Anatomically-Shaped Autogenous Engineered Bone Graft for TMJ Condyle Reconstruction: Mid-point analysis

Statement of the problem

Maxillofacial surgeons must reconstruct complex deformities that require functional and esthetic precision. Ideal grafts must be predictable and exactly match 3D form unique to every patient's defect in order to restore function. Current standards of practice require lengthy procedures, secondary surgical sites, immense resources, but still yield compromised results. With the advancements in tissue engineering through regulation of osteogenic differentiation and functional assembly of stem cells, we are able to produce autogenous bone grafts engineered in vitro. Here we report our experience with custom-made bone grafts of the TMJ condyle and ramus with the use of autogenous adipose stem cells (ASCs) in a large-animal study.

Materials and methods

Yucatan minipigs were randomly divided into 3 groups: (i) condylectomy (n=2), (ii) scaffold implantation (n=6), and (iii) autogenous engineered bone graft implantation (n=6). The process for engineering anatomically-shaped TMJ condyle for implantation was adapted from previous work.¹ In brief, facial skeletons of each pig were CT scanned and reconstructed in 3D. Condyle/ramus units were chosen for reconstruction (Fig. 1A). Anatomically-shaped scaffolds for each pig were fabricated from trabecular bone of adult bovine knees based on previously reported methods.¹ To engineer the bone grafts, scaffolds were seeded with autogenous ASCs isolated from subcutaneous fat of each pig.² The grafts were cultured in osteogenic medium in specially designed perfusion bioreactors [Fig. 1B] for 3 weeks prior to implantation to facilitate stem cell growth, osteogenic differentiation, and bone matrix deposition. Condylectomies to include a portion of the ramus were planned virtually and carried out under general anesthesia. The pigs were reconstructed with a scaffold alone or autogenous engineered bone graft. All grafts were rigidly fixated using 2.0mm titanium miniplates. The planned duration of study is 6 months. We report here the mid-point analysis in which 2 pigs from each implantation group were sacrificed 3 months post-implantation. CT scans were conducted after surgery, at 6 weeks, and 3 months. TMJ condyles were harvested after sacrifice and assessed for graft remodeling in terms of compactness, integration, and resorption.

Results

Bone grafts were successfully fabricated with the exact shape and size unique to each condyle [Fig. 1C].  Cell seeding of scaffolds and cultivation resulted in fully cellularized engineered bone tissue. All pigs survived the surgery without complications. At 3 months, pigs with untreated condylectomies regenerated incomplete ramus-condyle units (RCU). Pigs with scaffold implantation showed incomplete regeneration with significant scaffold resorption [Fig. 1D]. In contrast, pigs with autogenous engineered bone displayed regeneration as well as integration of the RCU [Fig. 1E]. The harvested condyles at 3 months demonstrated clear differences between the groups, with regeneration of a rigid and functional mandible in the autogenous engineered bone graft group. The scaffold-only group failed to obtain comparable results, and healed with graft resorption and fibrous ingrowth.

Conclusions

Based on the mid-point results of the large animal model, autogenous engineered bone grafts maintain tissue volume and enhance regeneration, yielding a promising treatment for facial bone reconstruction.
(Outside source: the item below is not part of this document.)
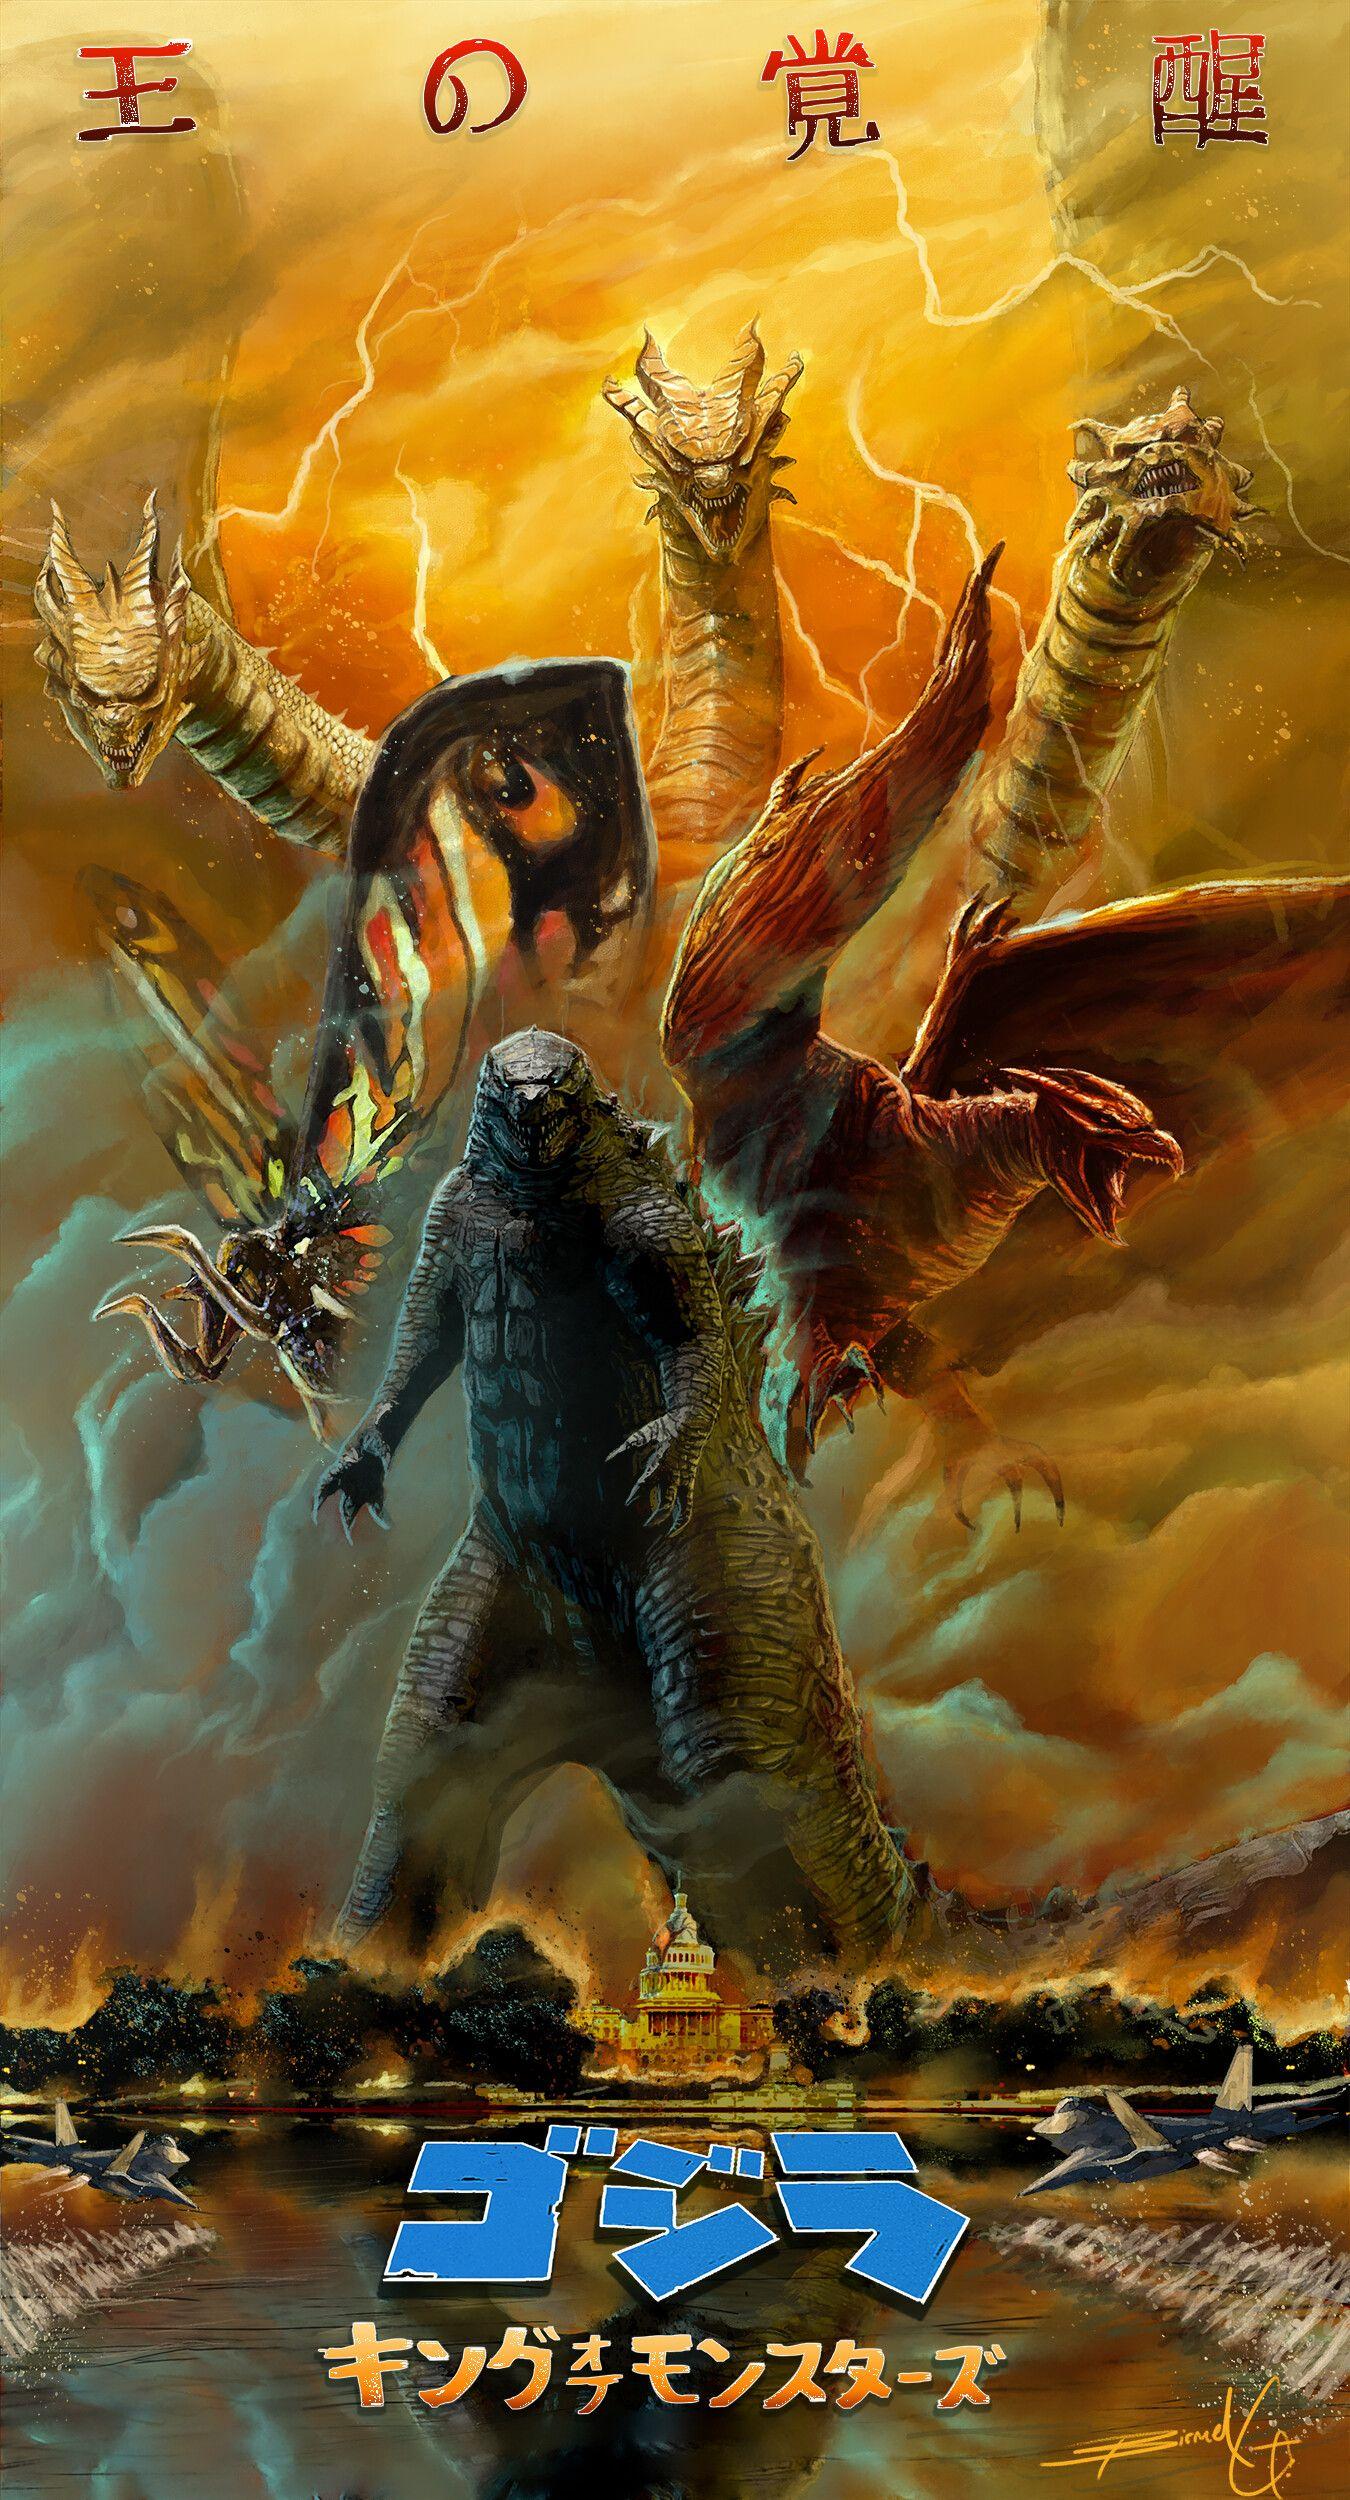 ArtStation Godzilla King of the Monsters Japanese Poster

Figure 1. Mid-point results of tissue engineered reconstruction of TMJ in Yucatan minipig. (A) 3D reconstructed pig mandible with selected TMJ condyle for reconstruction; (B) Perfusion bioreactor for cultivation of autogenous bone graft; (C) Engineered graft and extracted condyle; 3-month post-implantation CT image of pigs receiving (D) scaffold implantation and (E) autogenous tissue engineered bone implantation.

References

1.   Grayson WL et.al., Engineering anatomically shaped human bone grafts, Proc. Natl. Acad. Sci.; 2010, 107(8):3299-304

2.   Williams KJ et.al., Isolation and characterization of porcine adipose tissue-derived adult stem cells, Cells Tissues Organs, 2008; 188:251-258

Acknowledgements

The work was supported by BioAcellerate funding of the New York City Partnership Foundation (grant CU11-1915 to GVN).